人类花了134年才发现Norn细胞,AI用了6周就做到了!
来自斯坦福大学的研究人员使用数百万个真实细胞的化学和基因组成作为原始数据训练了一个AI大模型,
通过自行学习到的知识,模型可以将之前从未见过的细胞归类为1000多种类别中的某一种,Norn细胞就是其中之一。
而此时,距离科学家发表Norn细胞的发现才过去短短几个月,也许早一点训练模型的话,这个功劳说不定就被AI给抢了!

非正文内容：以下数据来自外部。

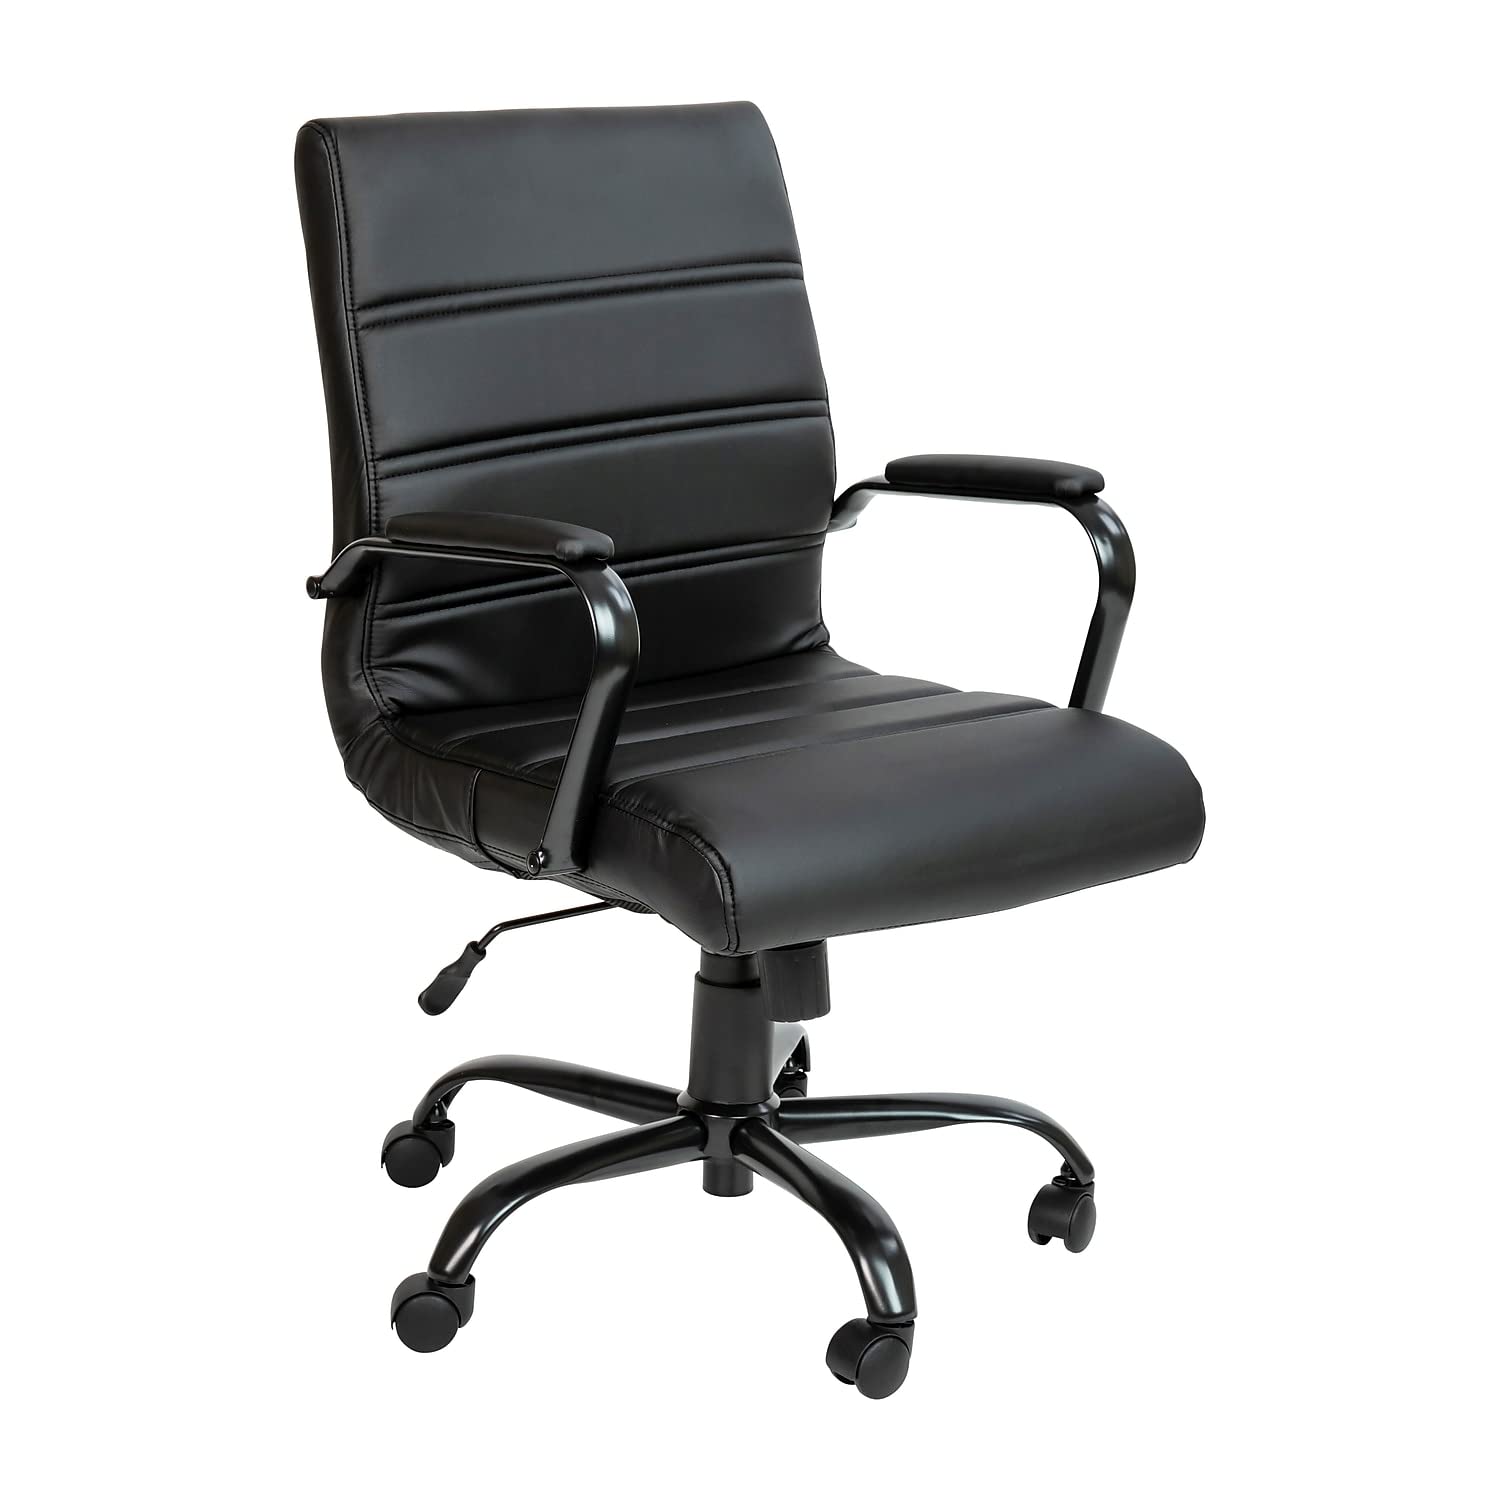 Flash Furniture كرسي مكتب منتصف الظهر - كرسي مكتب تنفيذي دوار من الجلد الأسود بإطار أسود - كرسي بذراع دوار

Norn细胞是一种肾细胞,可以感知缺氧状态。当人体氧气含量迅速下降时,Norn细胞就会出来抢救,通过消耗铁来合成促红细胞生成素(Epo)。
这可是能救命的能力,于是最初的发现者以传说中控制人类命运的北欧神灵来命名了这个细胞。
而对于Norn细胞及其相关机制,至今仍是非常重要的研究,比如Nature上动不动就要揭开人家的面纱:
Norn细胞产生的Epo是氧稳态的主要调节因子,在红细胞的生成过程中至关重要。
健康状态下,Epo的调控能够保证红细胞按需生成,比如当人处于高海拔或者高强度运动时,红细胞就会增加,满足人体的供氧。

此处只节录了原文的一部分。